The pressure was intense from the ultras, especially after disappointing results. “When we lost at the Delle Alpi against someone we shouldn’t have, we’d jump in our coach to go back to the training ground. Along the way, our fans would be following us to have a go. I’m sitting there thinking ‘why are they doing all that, they’re Torino fans.’ And someone would say: ‘Yeah, the ultras, they aren’t happy, they are going to remonstrate outside the training ground when we get there.’ So the coach goes into the training ground, the gates shut and we are inside the ground, with 300 or 400 fans outside waiting for us.

“I ask: ‘What happens now?’ They say to me: ‘Tony, they like you, so you can go first! Everything will be OK.’ Eventually I jump in my car and think ‘here I go’. I pull up to the gates, they open and the fans allowed me to drive straight out, no problems at all. And I was thinking: ‘Beautiful!’ I don’t know what happened to the rest of the players – they might still even be in there! But yeah, the expectation was huge and some players couldn’t deal with that at times.”

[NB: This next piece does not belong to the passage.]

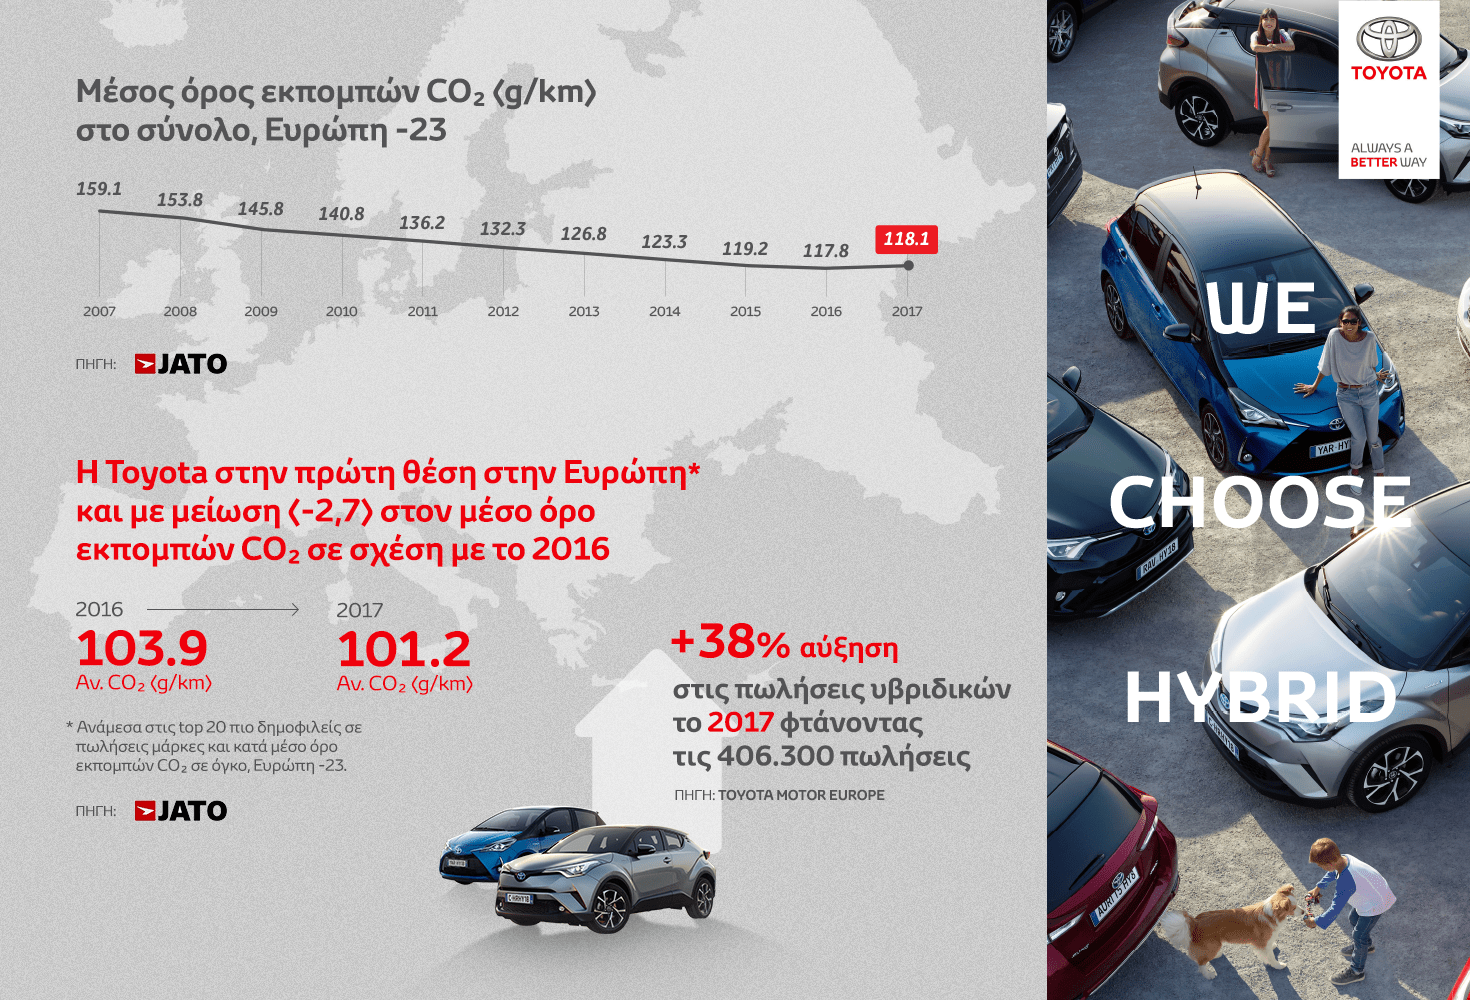 «Καθαρότερη» μάρκα αυτοκινήτων στην Ευρώπη για το 2017 η Toyota
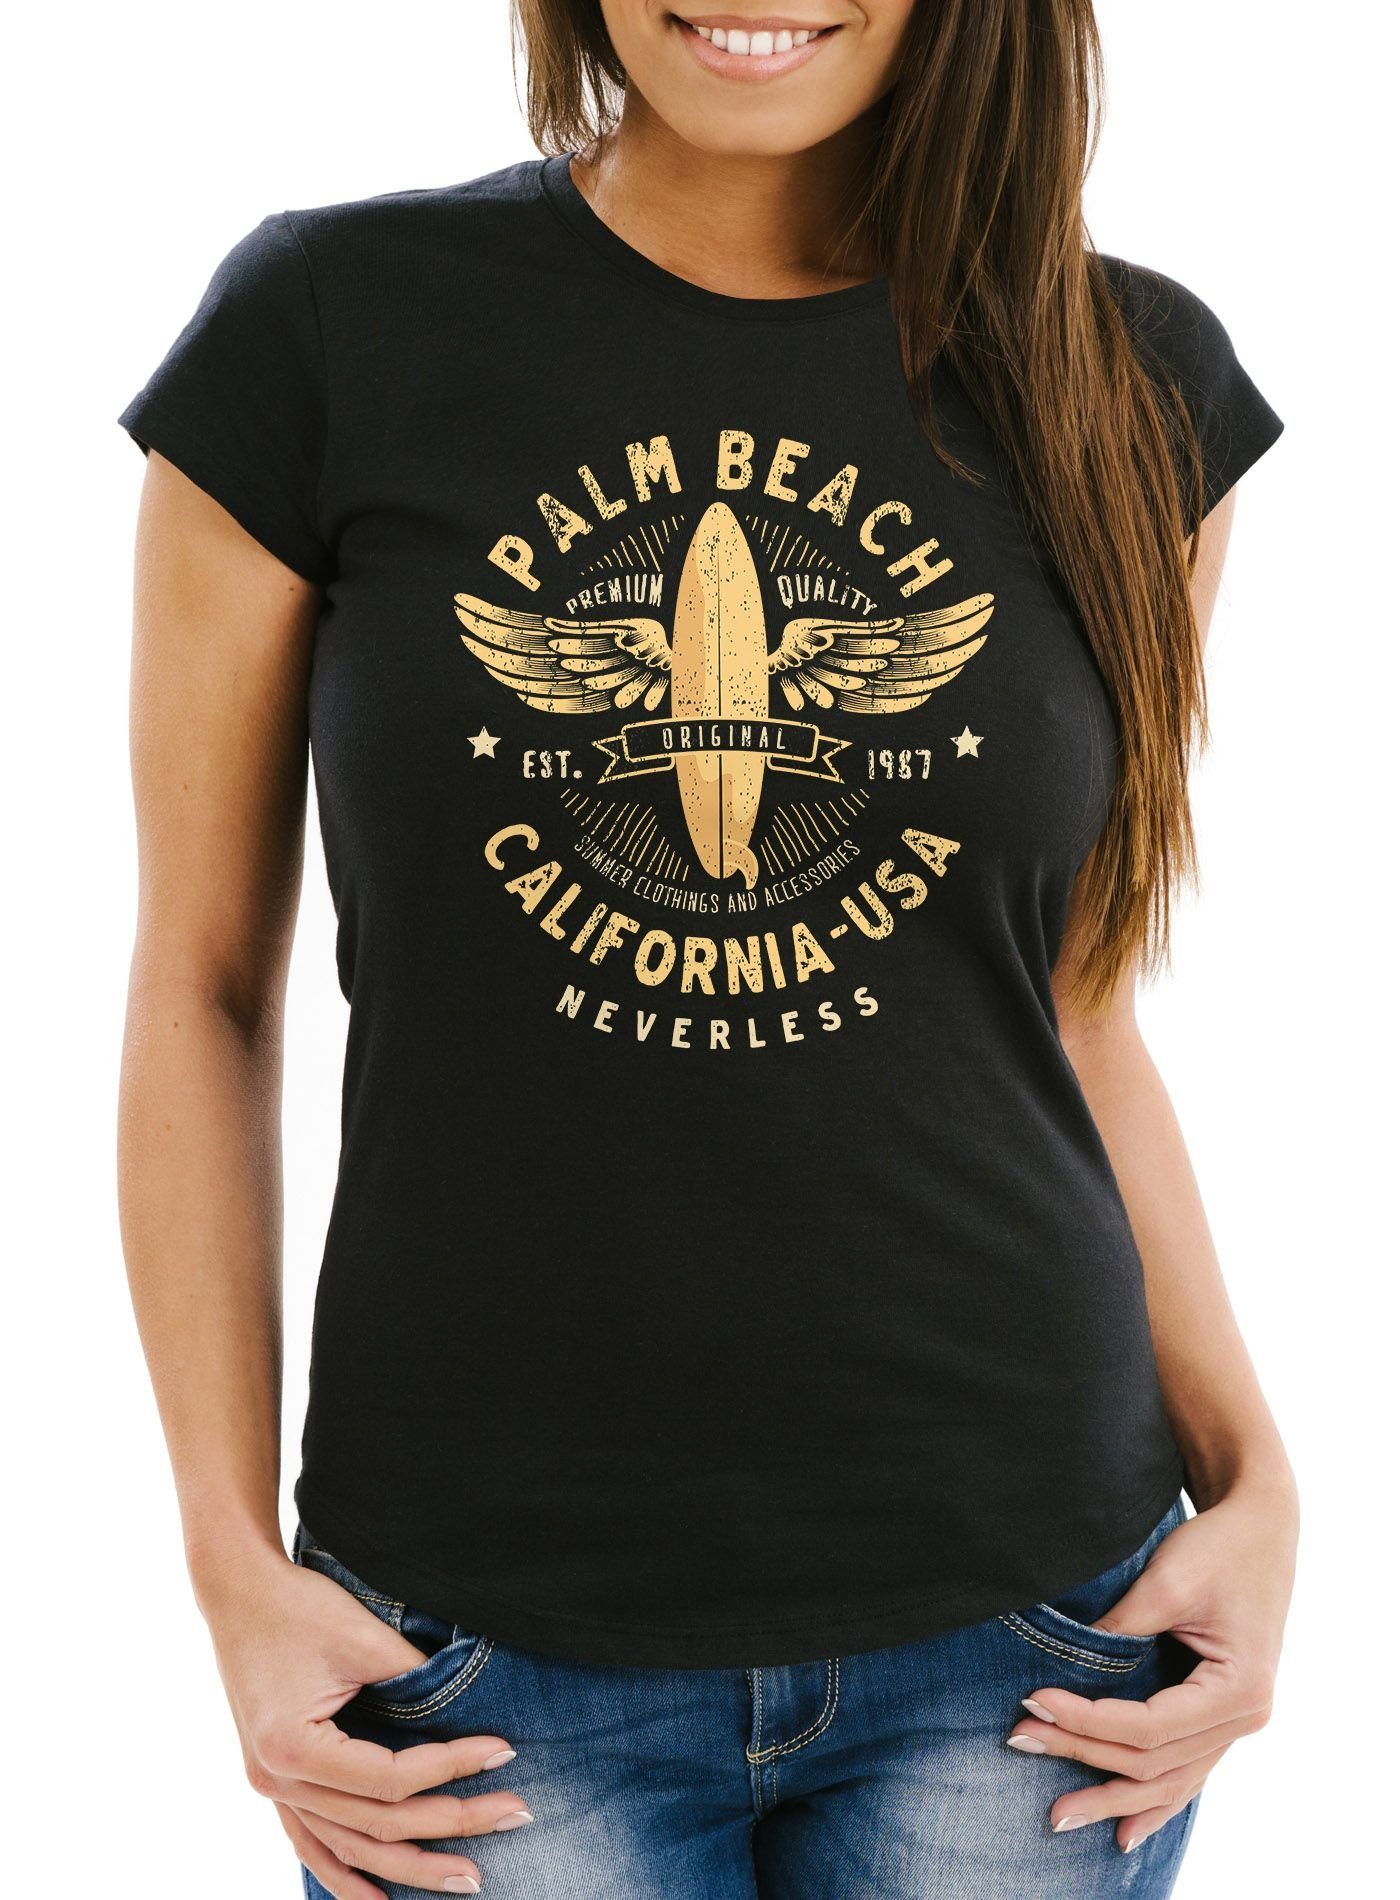 Neverless Print-Shirt »Damen T-Shirt Surfing Motiv Vintage Effekt Palm  Beach California USA Schriftzug Fashion Streetstyle Slim Fit Neverless®«  mit Print

Dorigo also experienced the dark underbelly of the Italian game during his season in Turin: match-fixing. “There was a strange situation with seven or eight games to go, a game that I played in was fixed – we played for a draw. “We got told by the owners, who came into the dressing room, on the Friday before the game. I thought my Italian was slipping, because I’m sure he said ‘we will draw’. We are going to have a draw? That can’t be right, I thought. The penny didn’t drop until about a minute later, when he started asking the players to agree to it. He went around all the players said ‘si, si, si, si’ and he comes to me, and I said ‘no’. And everyone starts chuckling, ‘crazy English,’ More ‘yeses’ and then they walk out.”

“I was disgusted, really. It was against a team who were in mid-table, who had nothing to play for, and we were going for promotion and had a very good home record. A draw? I just didn’t understand it. The players were all laughing at me, because I was the silly one. That told me that this goes on. As we know, it did go on at lots of clubs. We know the issues afterwards, but hopefully it’s been eradicated now. But how normal it was for those sorts of things to happen at certain times of the season was gobsmacking. It wasn’t a good experience.”

Did he play in the game? “Well, this was the thing. Players started dropping out. Lentini pulled up; someone had a cold; someone’s mother died who later got resurrected and was alive again. It just went on and on. It got to the point where they asked me to play right-back, because we had no right-footers available. I started and we, on purpose, miss a couple of chances, ridiculously so. The crowd now start to whistle; they’ve cottoned on. We get to half-time and I said: ‘Look I’m really sorry, I am struggling to play in this game, my hamstring is sore,’ and they took me off. I try to forget that sort of thing because that was just not right. So much of my experience was good, and then that.”

Dorigo was voted Torino’s player of the year in his one season at the club but, after they missed out on promotion, he returned to the Premier League to play for Derby County. Despite experiencing the shadier side of the game in Italy, he has no regrets about his time in Turin. “It would have been good to go at the peak of my career, maybe when I was 27 or 28, rather than 32 or 33. Just from the technical aspect of Serie A, I think it would have suited me down to the ground.”